Kind of metrics to use to indicate that employee is happy?

To use base conda environment to run scraping codes

### Scraping codes to scrape glassdoor's DBS reviews (Sort to show the most recent reviews)

Countries of interest: Singapore, Taiwan, Hong Kong, India, China, Indonesia

Positions of interest: Contract, Part-time, Full-time

To select companies based on P&L 

Group 1: Foreign banks in Singapore: Source (https://sgbanks.com)
(JP Morgan Singapore, Goldman Sachs)
 
Group 2: Local Banks (UOB, OCBC)
- UOB ratings - 3.5
- OCBC ratings - 3.6

Group 3: Source (https://www.glassdoor.com/Explore/top-information-technology-companies-singapore_IS.4,26_ISEC10013_IL.37,46_IM1123.htm) 
Tech Companies (Google, Apple, Microsoft)

### Steps to be automated:
1. On page 1, clicking on "Continue Reading" for each review will cause a pop up to appear
2. Click on 'x' for pop up
3. After scraping all info for 1st page, move on to next page
4. A 'sign up' screen will then appear
5. Click on blue 'sign in' button
6. Input email and password into 'sign in' fields and click on blue 'sign in' button
7. After step 6, will land on pg 2
8. Proceed to click on 'Continue Reading' for all reviews.

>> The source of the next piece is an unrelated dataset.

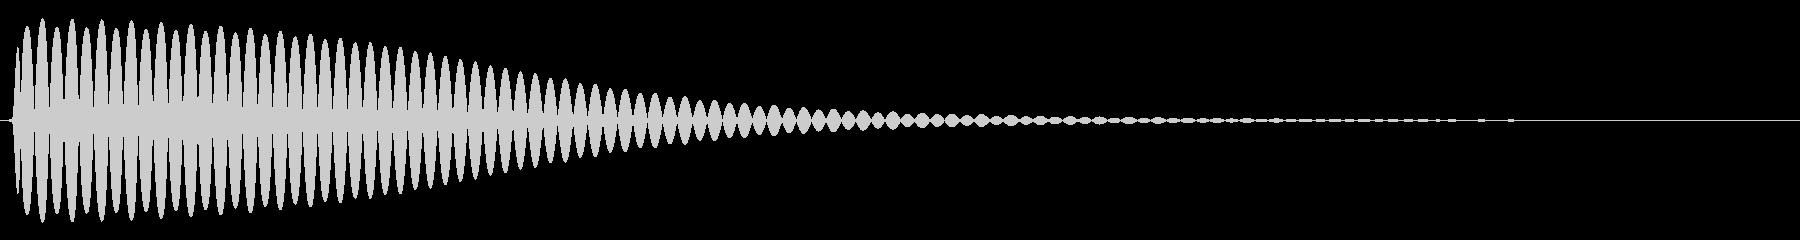 Com ファミコンなどのコマンド音 3の未再生の波形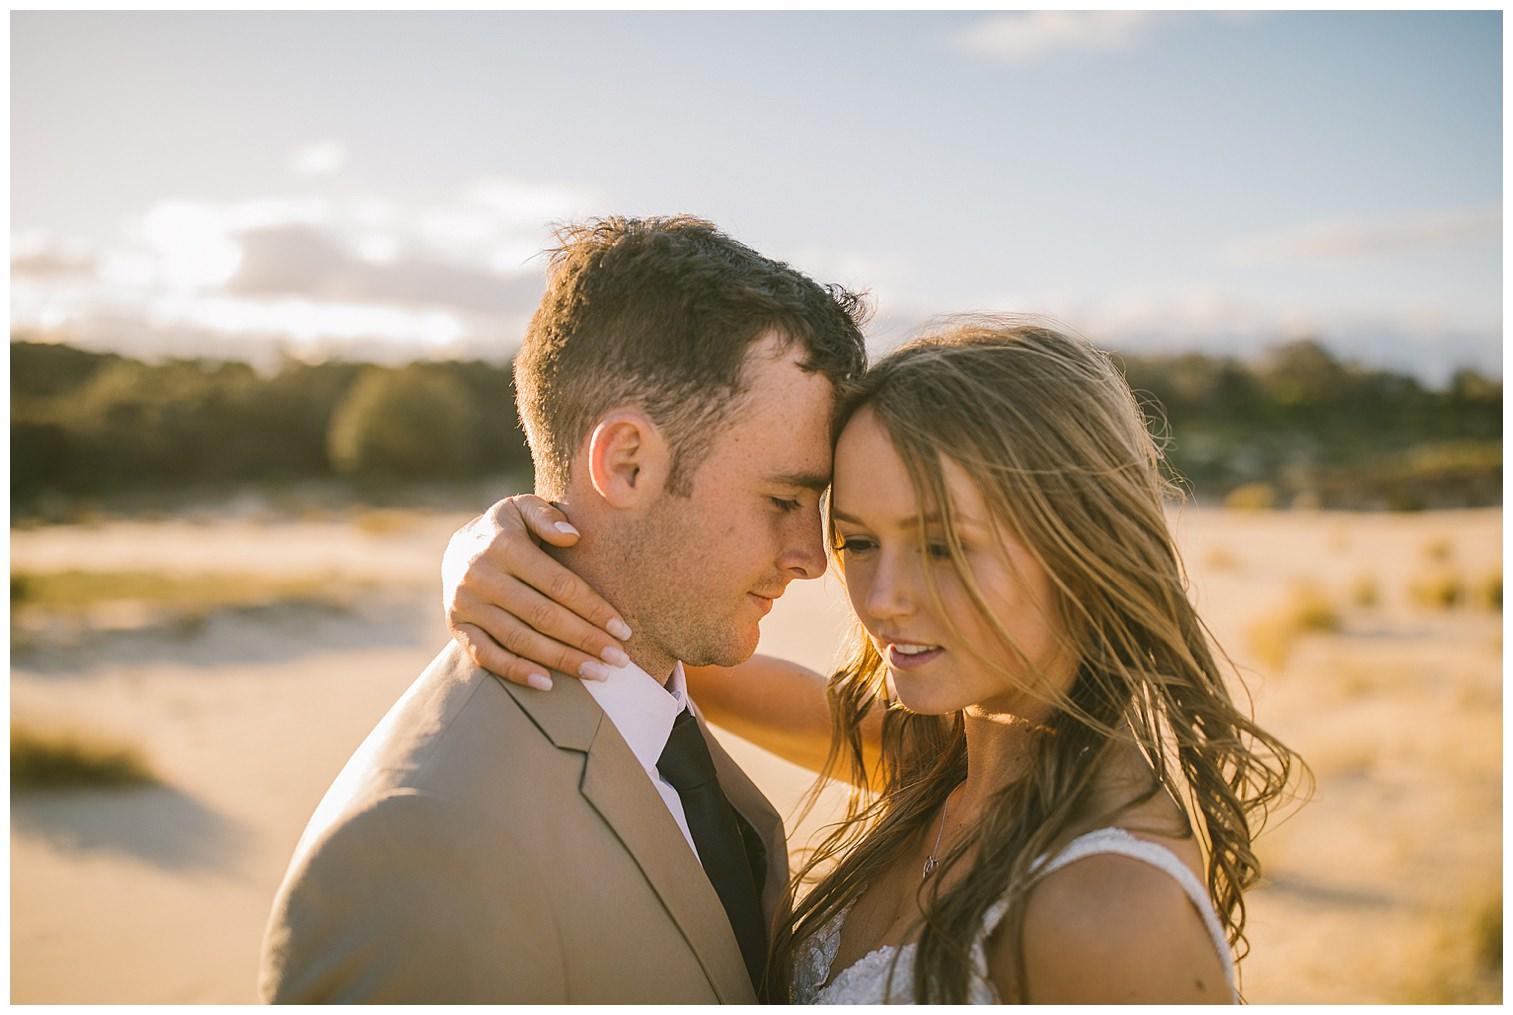 bodalla farm south coast wedding, tuross wedding photographer, southern highlands wedding photographer, beach wedding photographer

But this time, no pop up will appear
9. Scrape wanted info and move on to next page
10. Repeat step 9 for the rest of the pages

*Dataframe to be saved as xlsx as saving in csv may have some problem*

`scraping_glassdoor_v2` is slower than `scraping_glassdoor_v1` but will be able to get around certain exceptions during scraping
- `scraping_glassdoor_v2` will be able to scrape greater variety of websites than `scraping_glassdoor_v1`

In [None]:
# https://www.glassdoor.sg/Reviews/Google-Reviews-E9079_P2.htm?sort.sortType=RD&sort.ascending=false&filter.iso3Language=eng&filter.employmentStatus=PART_TIME&filter.employmentStatus=CONTRACT&filter.employmentStatus=REGULAR

In [1]:
# Codes to scrape Glassdoor for reviews like DBS - those that do not produce any exception
import time
import math
import requests
import numpy as np
import pandas as pd
from bs4 import BeautifulSoup
from selenium import webdriver
from selenium.webdriver.common.by import By
from selenium.webdriver.support.ui import WebDriverWait
from selenium.common.exceptions import NoSuchElementException
from selenium.webdriver.support import expected_conditions as EC
from selenium.webdriver.common.action_chains import ActionChains

def scraping_glassdoor_v1(num_reviews:int, url:str, email:str, password:str):
    
    '''
    num_reviews: Number of reviews to be retrieved
    url: Input url that reviews should be scraped from (vary according to country of interest)
    email: Input email that is registered on glassdoor
    password: Input password 
    '''

    date_occupation=[]
    rating=[]
    pros_list=[]
    cons_list=[]
    country_list=[]
    page_list=[]
    current_or_former_employee=[]
    recommended=[]
    ceoApproval=[]
    business_Outlook=[]
    

    driver = webdriver.Chrome(r'C:\Webdriver\chromedriver')
    driver.get(url)
    
    for i in range(math.ceil(num_reviews/10)):
        
        intermediate_page_list=[]

        if EC.visibility_of_all_elements_located((By.XPATH, "//*[@class='v2__EIReviewDetailsV2__continueReading']")):
            time.sleep(5)
            if i == 0: # Do the following steps if it is the first page

                # If there are "continue reading" buttons, click on those to show full reviews
                for review in driver.find_elements_by_class_name("v2__EIReviewDetailsV2__continueReading"):
                    review.click()

                    # If prompt appears, click x to close it 
                    try:
                        driver.find_element_by_class_name("modal_closeIcon").click()  #clicking on the X.
                        driver.find_element_by_class_name("modal_closeIcon-svg").click()  #clicking on the X.
                    except NoSuchElementException:
                        pass
            else:
                for review in driver.find_elements_by_class_name("v2__EIReviewDetailsV2__continueReading"):
                    driver.execute_script("var x= document.getElementsByClassName('v2__EIReviewDetailsV2__continueReading')[0];"+"x.click();")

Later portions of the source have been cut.